Entrepreneur Marc Lore on 'founder mode', bad hires and why risk avoidance is deadly- BC

Entrepreneur Marc Lore on ‘founder mode’, bad hires and why risk avoidance is deadly– BC

Businessman Marc Lore has already sold two companies for billions of dollars together. Now he plans to run his food delivery and takeaway business. Wonder public in a couple of years with an ambitious valuation of $40 billion.

We recently spoke with Lore in person in New York about Wonder and its ultimate goal of making meal planning easier, but we also touched on Lore’s management philosophies. Below is some of what he said on that last front, lightly edited for length and clarity.

History of the calls founder modein which founders and CEOs actively work not only with their direct reports but also with “level-jumping” employees, to ensure that small challenges don’t become big ones (Brian Chesky operates this way, as does Nvidia’s Jensen Huang, Elon Musk and Sam Altman, among many others):

Yeah, the founder mode thing didn’t really resonate with me, because I operate differently. I really focus on this idea of ​​vision, capital and people. We have a meeting every week with the leadership team and we spend two hours every week just on the fundamental elements of the vision, the strategy, the organizational structure, the capital plan, our performance management systems, the compensation systems, the behaviors and values, like, things that you think are already set up.

You say, “Oh yeah, we already did behaviors. We already made values. We did performance management. “We have our strategy.” But when you grow up and move fast, it’s amazing how much it evolves over time, and you want to stay on top of it… and just talk about it and talk about it.

When everyone is completely aligned and you have really good people, you just let them run; I don’t need to get involved at all. So I don’t get involved in the details of what people do, as long as they know the nuances of the strategy and vision. When you make it with your team, and they make it with their own team, everyone moves in the right direction.

How Lore thinks about hiring the right people:

I’m very, very good at hiring rock stars. Like, that’s every person. [I hire]. I used to think you could interview someone and within an hour decide if that person is a rock star. I really thought that and I think other people did too.

It’s impossible. I have hired thousands of people. You can’t tell if someone is a rock star in an hour-long interview, and more often than not, you’ll get drunk. Someone talks about a good game, it sounds good, they say the right things, they have the right experience, but then it doesn’t work and you wonder why.

I started going back to the resumes and trying to make correlations, and what I found is that there is a clear pattern that superstars have on their resumes that differs from non-superstars. That doesn’t mean that someone who doesn’t have a superstar resume can’t be a superstar. I miss those people, okay. But when I see someone who has a superstar resume, it’s almost always a superstar. When I interview them, I already know I want to hire them, and it’s more to make sure I’m not missing anything from a behavioral, cultural, or values ​​standpoint—we want alignment on that.

But the resume should show a demonstrable level of success in each job you held. That means multiple promotions. It means staying at a company long enough to get a promotion, and it means that when you leave and move from one company to another, it’s a big step. Superstars don’t move laterally. They don’t go from being a good company to a bad one, because bad companies need to pay more to attract people and, therefore, sometimes they get rid of people who are not so good, who just want to make money.

But you find someone who [in the top] 5% and you look at their resume, it’s like: boom, boom, promotion, promotion, promotion, promotion, promotion, promotion, and then a big jump… promotion, promotion, big jump. When I get that resume that shows that demonstrable level of success, I take it and pay them whatever they need. It’s very important for me to have that superstar there. And you build a company of superstars.

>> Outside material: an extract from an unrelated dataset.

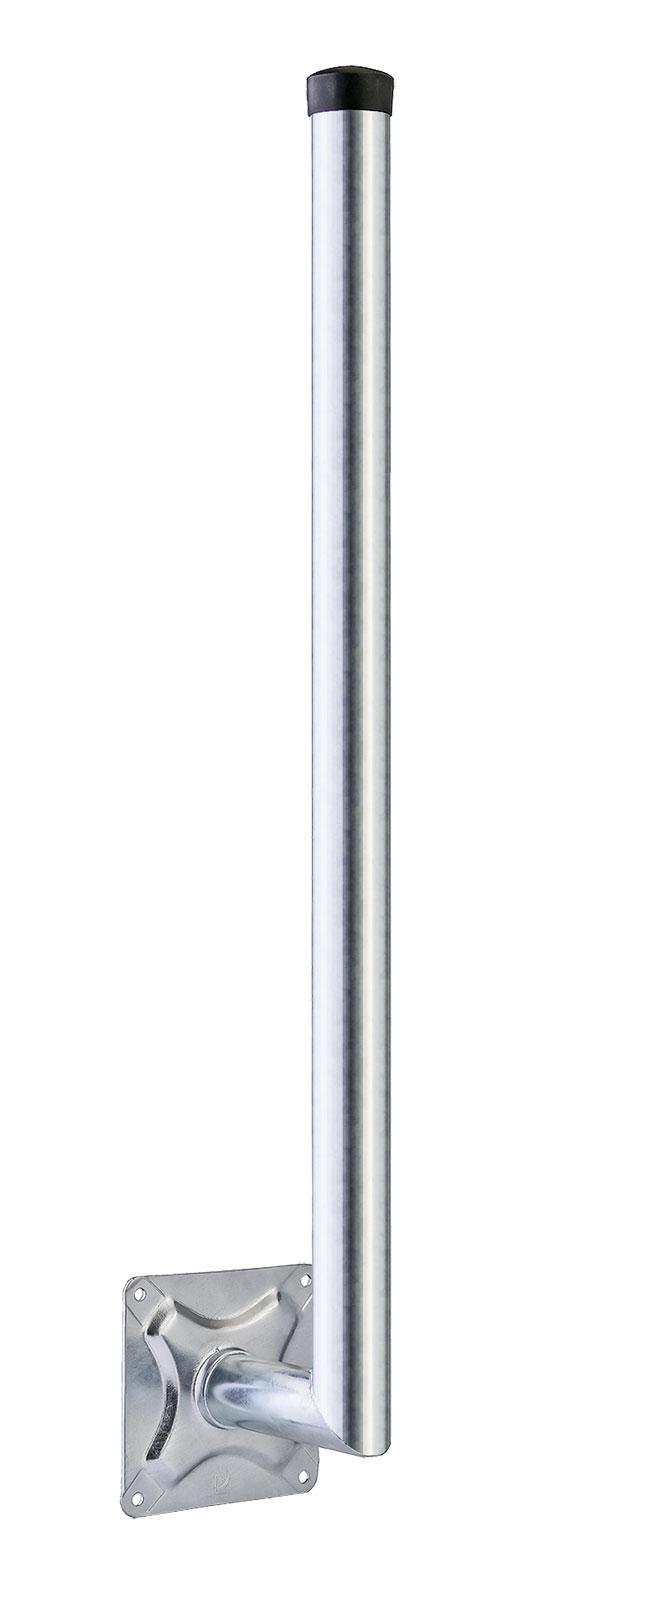 70cm Wandhalter Stahl Große Wandplatte SAT Wand Halter 15 x 15cm

You need to have the right performance management system in place so they know exactly what they need to do to get to the next level. Because superstars are very motivated. They want to know what they need to do to get to the next level, especially Generation Z. They want to know it and be promoted every six months.

Finally, here’s Lore talking about his belief that taking bigger risks is the way to secure a startup’s future, even though the approach may seem counterintuitive to many:

People always underestimate the risk of the status quo and overestimate the risk of making a change. I see that over and over again.

If you have a life-threatening medical condition and the doctor tells you, “You have six months to live,” at that point, a trial drug or anything, even if it’s very risky, [is going to look good]. You’re basically looking for opportunities to take risks, so you don’t have that inevitable death.

If you are super healthy and everything is going great and someone tells you, “Take this experimental drug; “It could make you live longer.” [a lot of people will say]”You know what? It’s too risky. I’m really healthy. I don’t want to die from this drug.”

But startups are very different from large companies. When you are in a big company like Walmart [whose U.S. e-commerce business Lore ran after selling it one of his companies]This is an incremental improvement. There is no incentive to take risks.

As a startup founder, you’re likely to die. You will most likely die every day you live and do this startup. The probability is 80%, with only a 20% chance of this actually working. So you have to take it into account when making decisions. We must look for opportunities to take risks, to reduce the risk of dying. The status quo is the worst thing you can do. Doing nothing is the biggest risk you can take.